GPT-4 is Coming Next Week – and It Will Be Multimodal, Says Microsoft Germany

Mar 10, 2023

Updated • Mar 10, 2023

Apps

Before you say not another GPT story, just take some time and read this one. I promise it's not another collaboration with Open AI’s ChatGPT. Although, I believe we’re yet to see more. The release of GPT-4 is in the pipeline, according to Andreas Braun, Microsoft Germany's CTO, at the AI kickoff event on the 9th of March 2023.

He went on to mention at the kickoff event that was held in German that GPT-4 would be coming next week. GPT-4 will be a multimodal model. Multimodal refers to using multiple modes or forms of communication, such as kinesthetic, tactile and auditory. In the context of technology, multimodal interfaces allow users to interact with the system using different modes of output and input, such as gesture, voice, touch, and text.
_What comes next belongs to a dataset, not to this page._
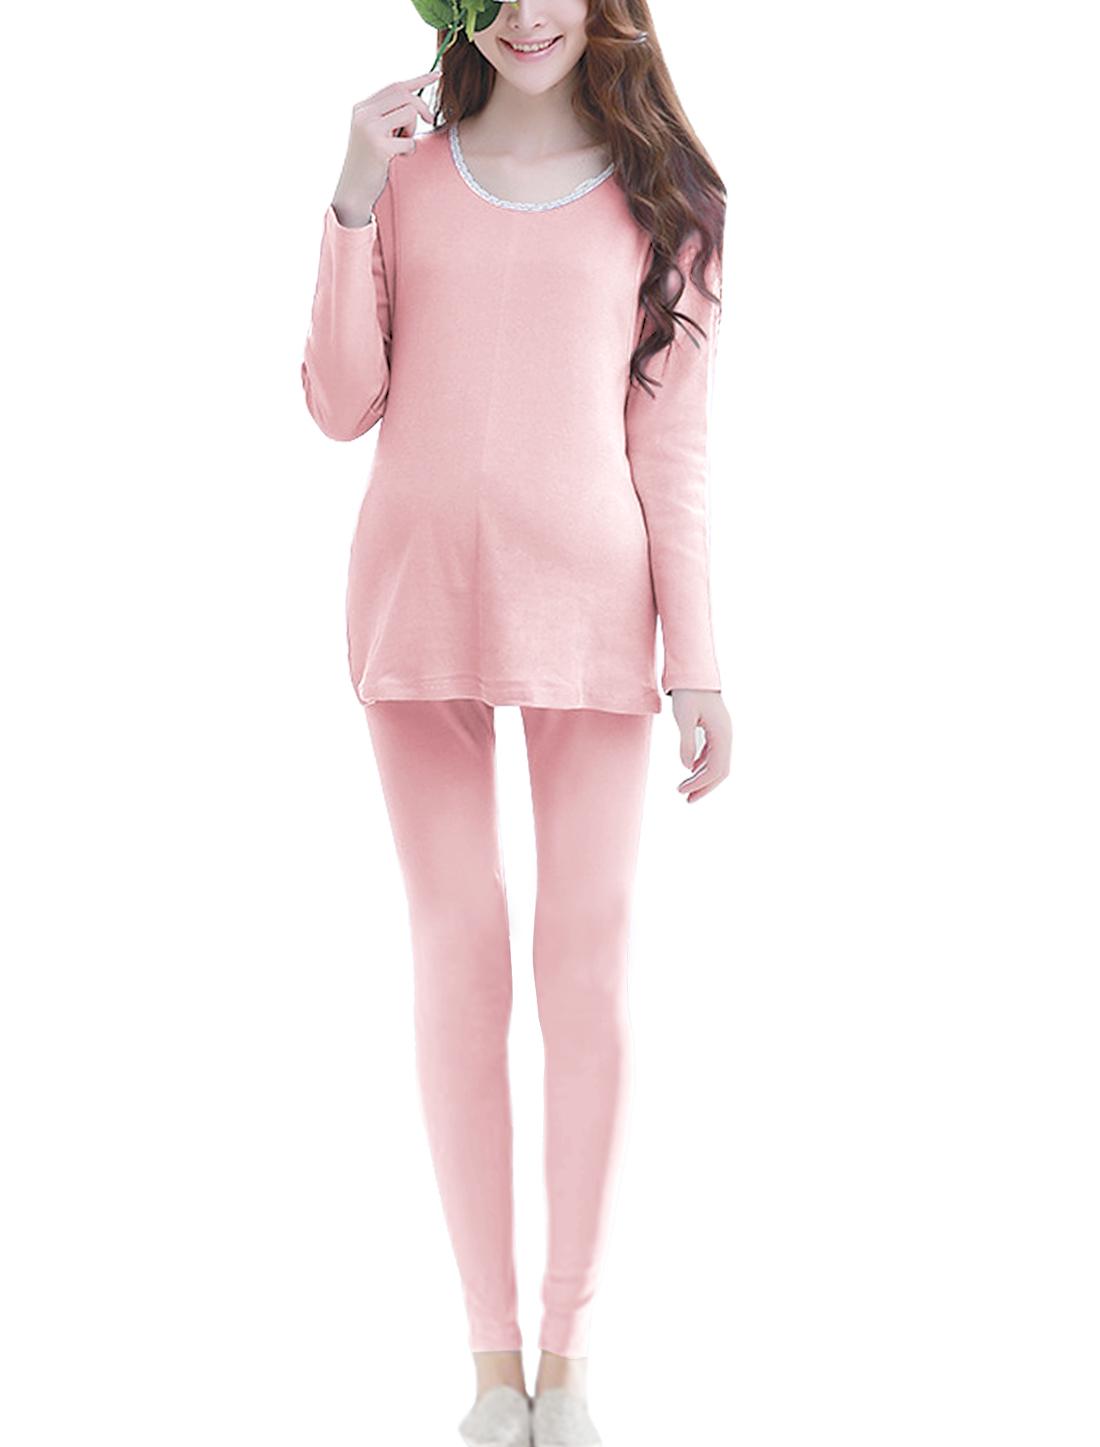 Maternity Layered T-shirt w Lace Panel Pants Sets Light Pink XS

Microsoft's fine-tuning of multi-modality no longer comes as a surprise since the release of Kosmos-1 at the beginning of March.

Large Language Models (LLM) are considered game changers because it teaches machines to understand natural language. With LLM, machines can now understand statistics and what was previously only read and understood by people. The technology basically works in any language. The system allows you to ask a question in another language and get an answer in a different language. Multimodality makes the model comprehensive.

Disruption and Losing Jobs

Some may be worried that this new technology will steal their jobs considering the massive layoffs Microsoft had early this year. Braun was joined by Marianne Janik, CEO of Microsoft Germany, in confirming that AI isn’t here to replace any jobs but instead is here to assist in doing repetitive tasks differently.

She recommends that companies should form “ competent centers” that can train and give clarity on using AI to ensure a smooth migration. She also mentioned that Microsoft doesn’t use any customer data to train their models.

Use Cases for GPT-4

Holger Kenn (Chief Technologist of Business Development AI and Emerging Technologies) and Clemens Siebler (Senior AI Specialist), both from Microsoft Germany, provided insight on AI’s practical uses.

Kenn explains that multimodal AI can not only translate text into images but can also translate it into music and video.
Siebler illustrated a case where this could be used in call centers, meaning the speech-to-text telephone calls could be recorded, and the agents would no longer need to summarise or type the content manually.
Siebler mentioned that AI won’t always be correct, so verifying all information is important. In terms of regulation, Microsoft Germany took a positive stance at the AI kickoff.